The probability of a slump in the next six months has soared to 30 percent from 5 percent at the end of July, Credit Suisse’s Basile said. The latest reading contrasts with mid-2010, when economists were concerned about a so-called double-dip. That scare barely registered, as the recession probability was 4 percent at the time, he said.
Credit Suisse bases its forecasts on measures including stock prices, payroll momentum, jobless claims, housing permits, consumer expectations and energy costs.
A 16.8 percent plunge in the S&P 500 index (SPX) over 11 days, in the period to Aug. 8, has occurred just twice without signaling a recession, according to figures going back to at least 1970 from ISI Group Inc.

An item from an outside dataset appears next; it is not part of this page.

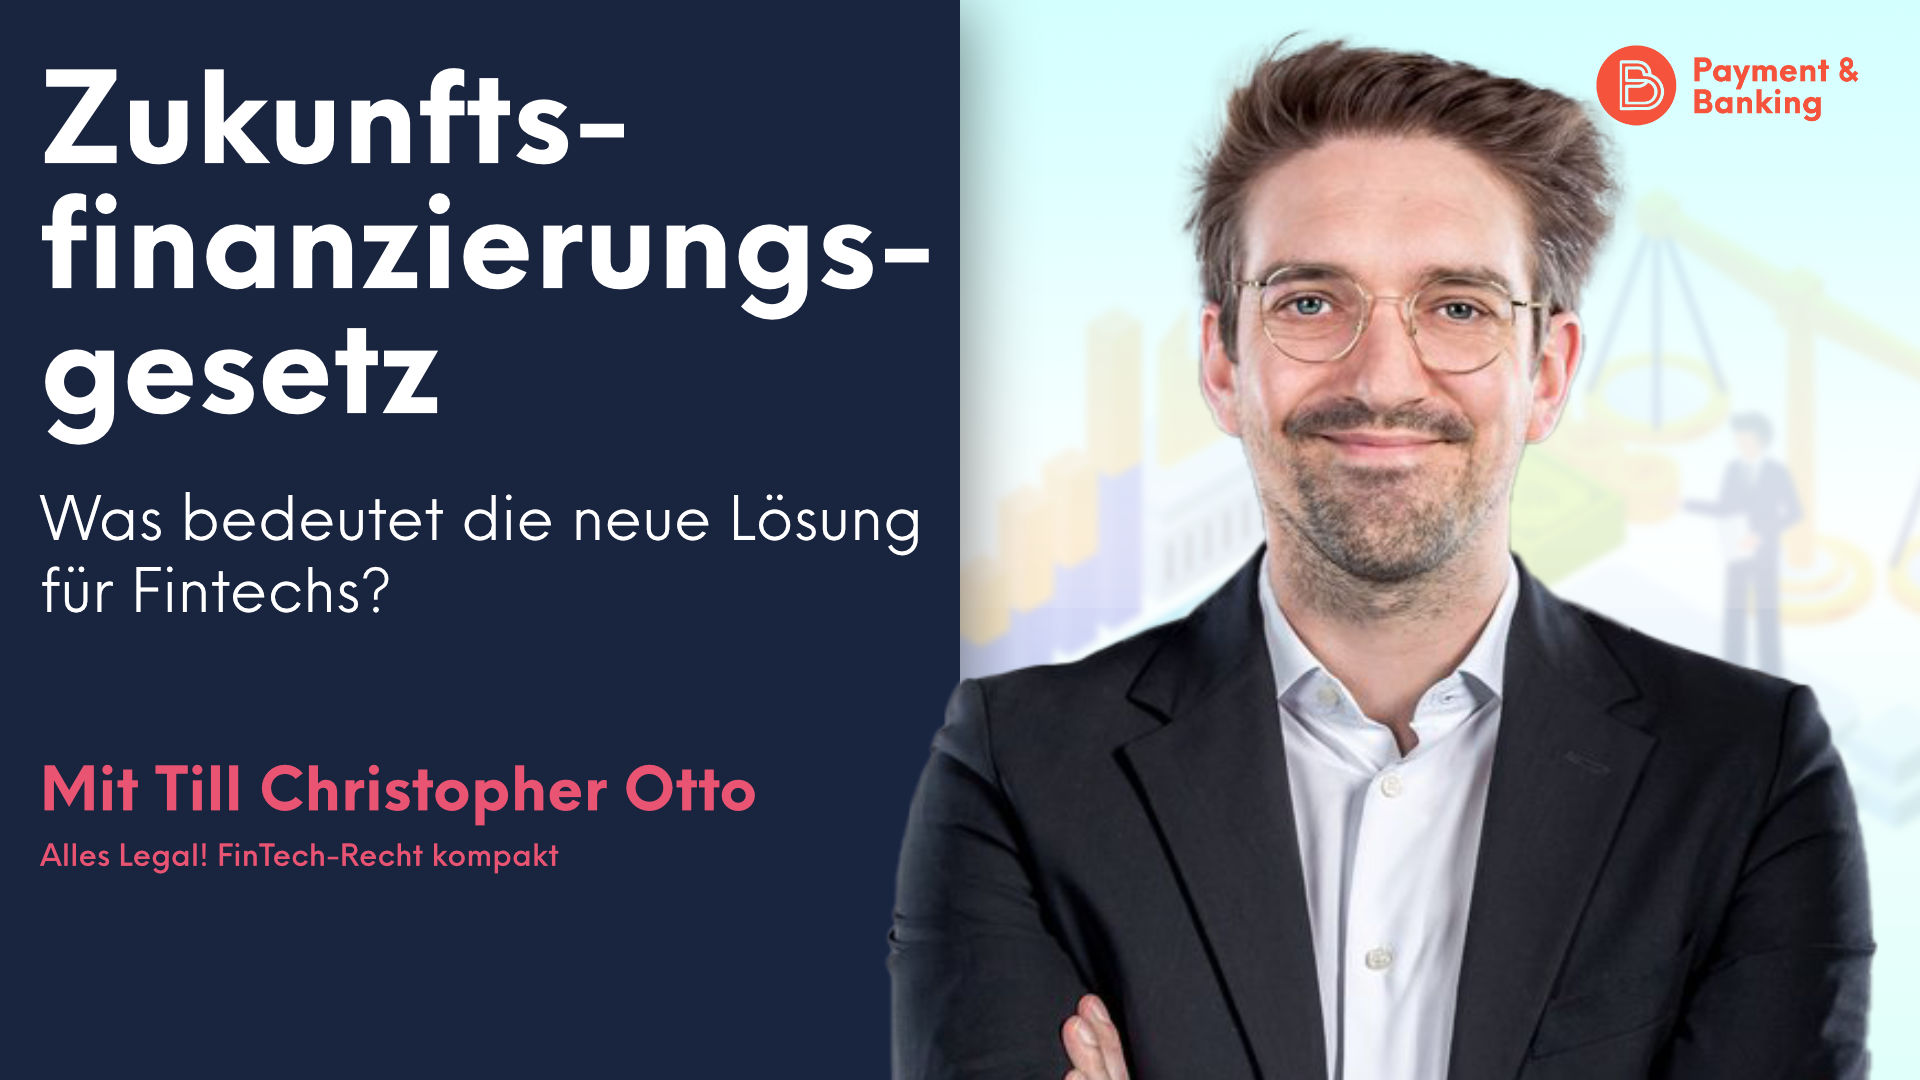 Till Christopher Otto von Paytechlaw erklärt, was das Zukunftsfinanzierungsgesetz für Fintechs in Deutschland bedeutet, wie es bisher lief und was die Lösung für Auswirkungen auf Emittenten hat.

In 1987 and 2002, there was a jump in unemployment claims with a short lag, ISI said in an Aug. 9 report titled “Recession Risk Rising.”
The bond market also is signaling a less-encouraging outlook. The yield on the 10-year U.S. Treasury note has been moving down from 3.77 percent in February and briefly touched a record low of 2.03 percent on Aug. 9 after the Fed’s dimmer assessment of the economy.
The shrinking gap between the 10-year Treasury note and the target for the federal funds rate may be another signal of recession, according to Paul Kasriel, chief economist at Northern Trust Corp. in Chicago. With the benchmark rate on overnight loans among banks stuck at near zero since December 2008, the spread between short-term and 10-year rates has declined in tandem with the falling 10-year yield.
“A narrowing trend in the spread generally indicates weaker economic growth ahead,” he said in a note following the Fed’s statement. “The fact that the spread narrowed this much in such short time under these conditions is a necessary ingredient for the formation of a recession.”
Some regional reports point to a slump in the making. A three-month average of the Federal Reserve Bank of Chicago’s national index of economic activity was minus 0.6 in June. Readings less than minus 0.7 following a period of economic expansion signal an increasing likelihood a recession has begun.
Unemployment is another sign of trouble. If the three-month average of the rate increases by more than three-tenths of a percentage point, the economy has either entered recession or will do so within six months, according to Goldman Sachs Group Inc. Chief Economist Jan Hatzius.
Joblessness, while up from 8.8 percent in March, slid to 9.1 percent in July from 9.2 percent the prior month as discouraged workers left the labor force, so “we’re not there” in terms of the recession criterion, Hatzius says. “But if we were to see further spot increases over the next couple of months, that would definitely be a warning sign.”
He forecasts a one-in-three chance of a renewed recession within the next nine months. The unemployment rate will rise to 9.25 percent by the end of next year, Hatzius said last week, when he cut his growth forecasts through the first quarter of 2012.